7Traficantes que nasceram nas favelas são vítimas, mais do que responsáveis,
pelo tráfico no Brasil.O mercado sem limites institucionais e morais é
importante no comércio de drogas e armas. Estão imbricados com os fluxos de
dinheiro para paraísos fiscais, como outras formas de comércio ilegal e
corrupção. Impossível, portanto, que para movimentar as toneladas de drogas e
os milhares de armas que aqui circulam, não haja redes interconectadas de
negociantes que envolvem vários personagens da economia legal e ilegal do
país. Se os tráficos são males que aumentam a desigualdade, empobrecem ainda
mais o povo e pioram o bem-estar social, então é preciso encontrar as formas de
controlá-los e combatê-los. Não há como continuar a silenciar a respeito dos
feitos de traficantes simplesmente porque são marginais e a origem humilde de
alguns deles explica, justifica e faz perdoar seus atos. A luta por uma nova
ordem mundial deve incorporar esses argumentos que estão por trás da tragédia
do povo afegão, mas também do paquistanês e de vários países do sudeste
asiático. Novas formas de investigação e intervenção são indispensáveis para
que se possa falar de uma nova polícia. Não é com prédios novos, computadores
ou viaturas apenas que isso será alcançável.

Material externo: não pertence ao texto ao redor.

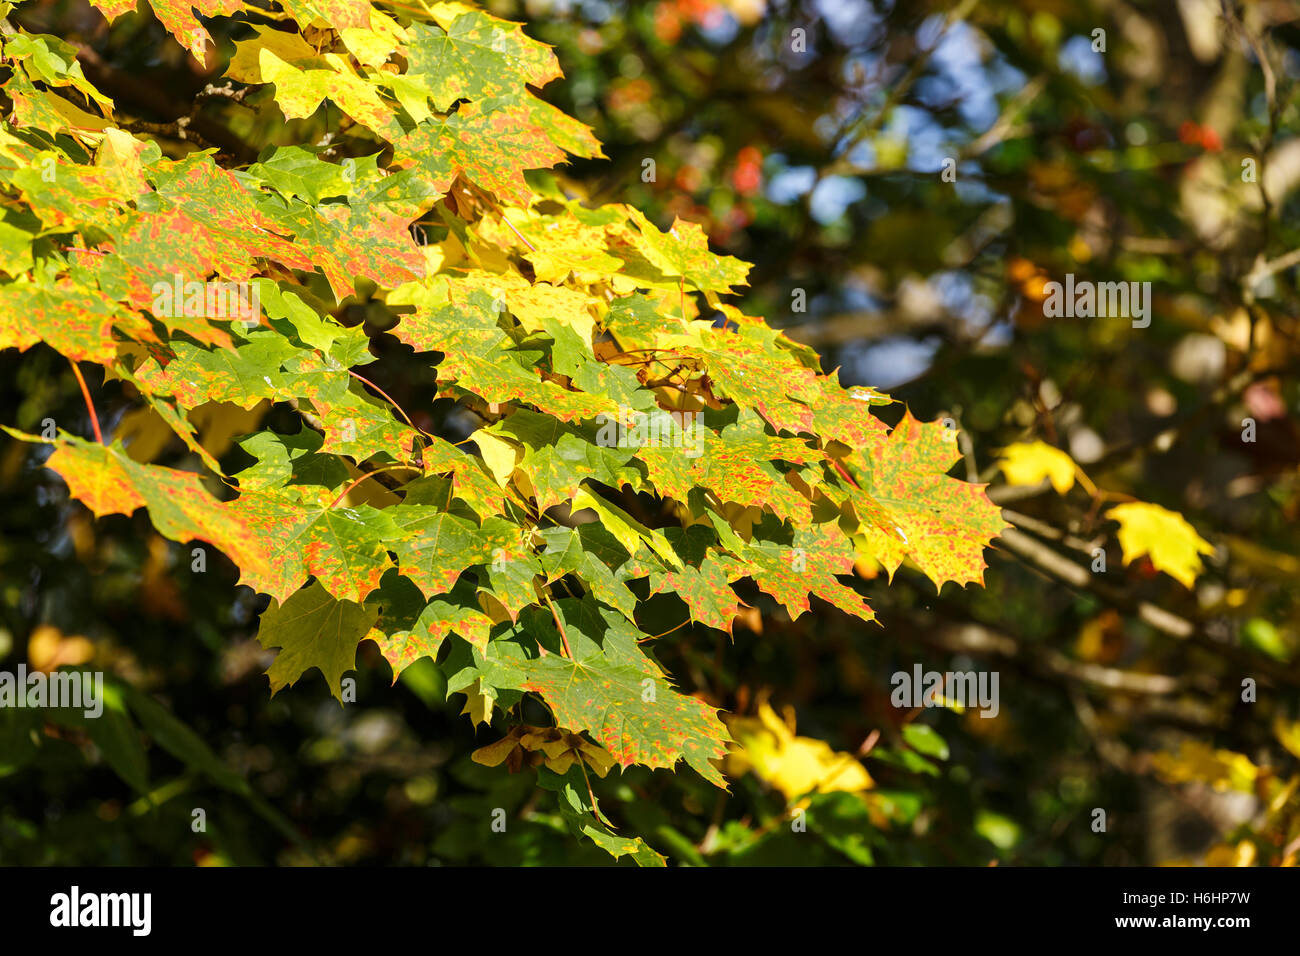 Sycamore (Acer pseudoplatanus) leaves still on the tree in pretty autumn colours in a garden in southern England Stock Photo

8A segurança pública não pode ser a preocupação central dos que atentam para a
consolidação da democracia no país. Ao contrário, este é o ponto nevrálgico
para continuar o processo que se interrompeu por causa das indefinições e
oscilações das políticas públicas no Brasil. Refazer os circuitos da
reciprocidade positiva significa integrar a população nas próprias atividades
da segurança pública. Uma estratégia que não negue o conflito, e sim socialize
os jovens na forma mais civilizada de lidar com ele, o que inclui os jovens que
aderem às forças policiais. É preciso mais atenção à pedagogia e à formação
oferecida nas escolas e quartéis no que diz respeito à socialização para uma
sociedade em que a civilidade, a confiança mútua e a previsibilidade dão as
condições básicas para novos arranjos e práticas sociais. A participação é
importante na medida em que não há segurança sem que as pessoas compreendam os
perigos e riscos que correm e façam, elas mesmas, o que podem para controlá-los
ou evitá-los. A participação é igualmente importante, pois é o que permite
passar da normatividade burocrática e autoritária para uma normatização melhor
aceita pelos que devem internalizar e praticar suas regras. Bairrismos só
atrapalham. Preparar cidadãos e policiais para a cooperação que se faz mais que
imprescindível é condição sine qua non. O modelo da polícia comunitária não
funciona onde os traficantes controlam militarmente o território e impõem medo
aos moradores. O alcance do trabalho policial é pequeno e ainda se expõe a
acusações de conluio com os criminosos. Antes, faz-se preciso tirar as pessoas
de seus refúgios privados, onde se aprisionam naquilo que N. Elias chamou homo
clausus e H. Arendt, a solidão organizada, base do totalitarismo moderno. Esse
é o grande desafio e o grande passo a ser dado no Brasil, em todos os seus
estados, em todos os seus pequenos, médios e grandes municípios.
Notas
1 Este texto foi preparado, numa versão original, para a apresentação do
congresso da Associação de Pós-Graduação em Ciências Sociais (ANPOCS), no final
de outubro de 2001. Nele procurei resumir os argumentos apresentados na
discussão de algumas das afirmações mais frequentemente repetidas.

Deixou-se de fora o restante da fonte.